Story and pic's to follow from Jeff tomorrow.

Congratulations Jake "Jeff Hampton" Allen!!!!!!!!!!!


----------



## Jake Allen (May 18, 2011)

What a fine evening! Got an invite from Charlie to look for a hog
today, and had a nice cool late afternoon to be in the woods.
Charlie got on some pigs during our second stalk, and
I will leave that story to him.

About 10 minutes after Charlie and I split the third time, I
began hearing something big in the privet; thick privet.
15 minutes and I saw a glimpse of a hog, and she kept feeding my way. I moved likely 5 steps 
or so to clear some brush and had a deadfall to use for cover, and the wind was holding just right.
Another few minutes and she fed thru a hole about the size of a basketball, and I was in position. 
I looked  low and behind the shoulder, drew, released
and saw the arrow hit exactly where it should.
The arrow blew right thru the pig. She grunted, spun and took off headed
northwest. I could tell she did not like that, none a'toll. 
I could hear her busting thru the brush
for 10-15 seconds or so, then quiet. I used a compass and took
a bearing on the last spot I heard her.

Wow, I was shaking big time now, and just settled in for a few minutes.
10 minutes or so and I  went to where I hit her;
Good sign!

I waited on Charlie and then further up the trail.


Getting closer


Then Charlie says the words you like to hear; there she is!




Goodness, I am blessed, and happy. What a fine time and
so proud to be able to be on this hunt, and kill with Charlie. And of course
texting Tomi. 
That's my new Flatwoods bow in my hand.
A 500 grain arrow and a super sharp Magnus 1
did the trick. She ran maybe 150 feet or so.
We guessed her weight at 150 or better.
I shot her at 14 steps there about.

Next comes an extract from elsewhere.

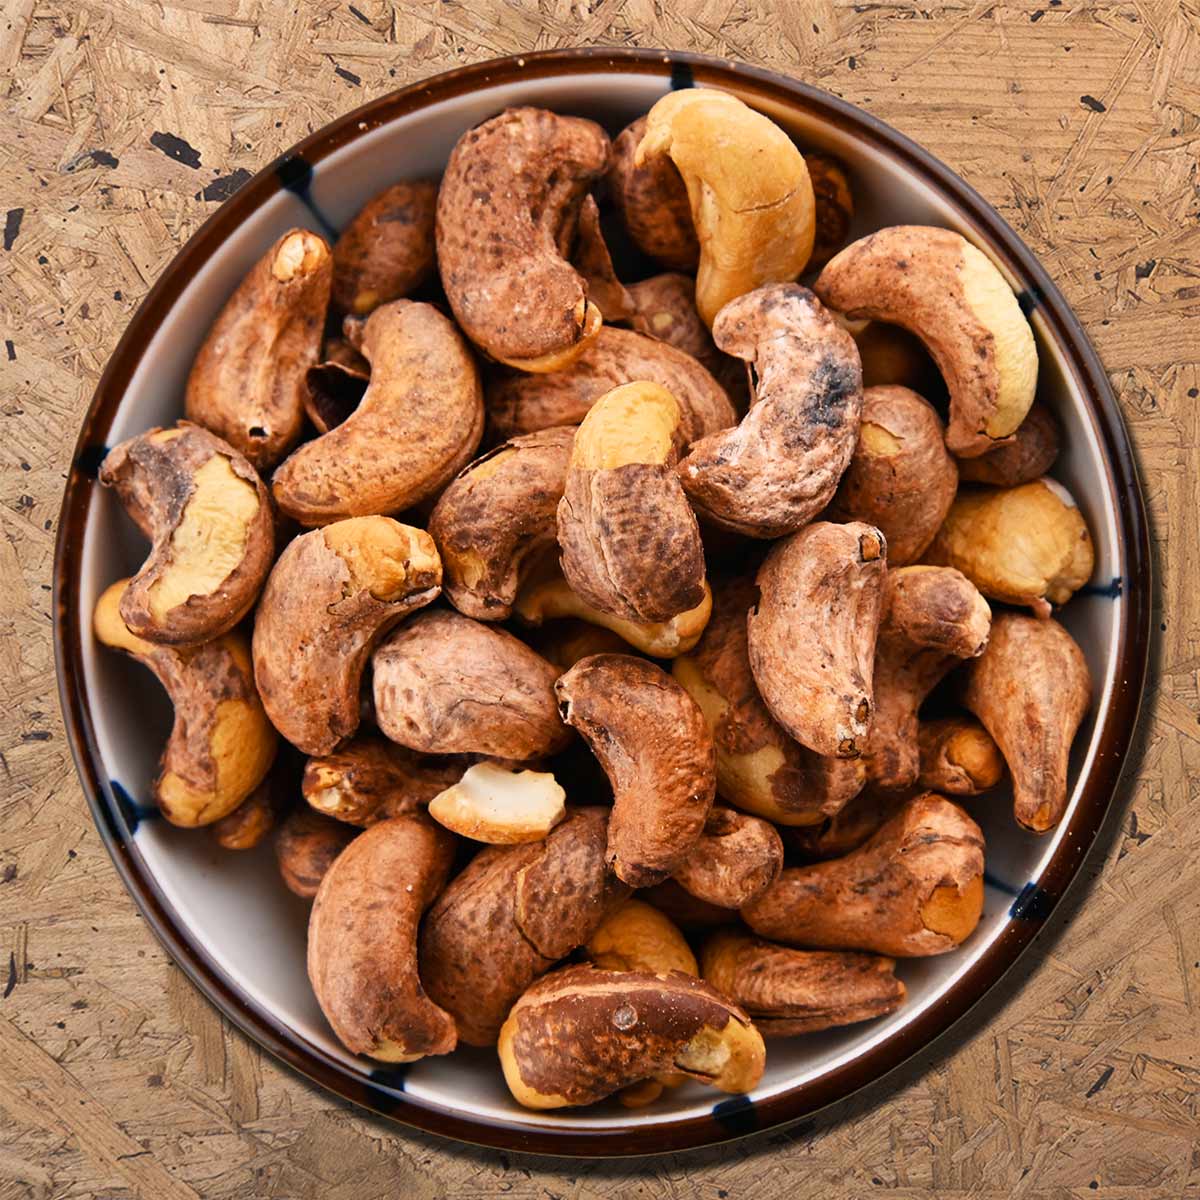 Geröstete Cashewnüsse (englisch: borma cashew, geröstete Cashewnüsse mit Haut) sind Cashewkerne mit einer Seidenschale, die mit sehr viel Salz geröstet werden.

I never went
back to get my arrow; maybe next time thru.


----------



## Jake Allen (May 18, 2011)

Entry;


Exit 
It is amazing what a good sharp broadhead on the end of a stick, when
put in just the right spot, can do.



Now to make Robert Carter and Chris Spikes proud.
We took the good meat, (front and rear quarters, tenderloins), 
and left the rest for the critters.



Charlie did me the huge good deed of packing out roughly 
50 pounds of meat or so the mile back to the trucks.
You are a good man Charlie, thank you Mr. Pig Commando! 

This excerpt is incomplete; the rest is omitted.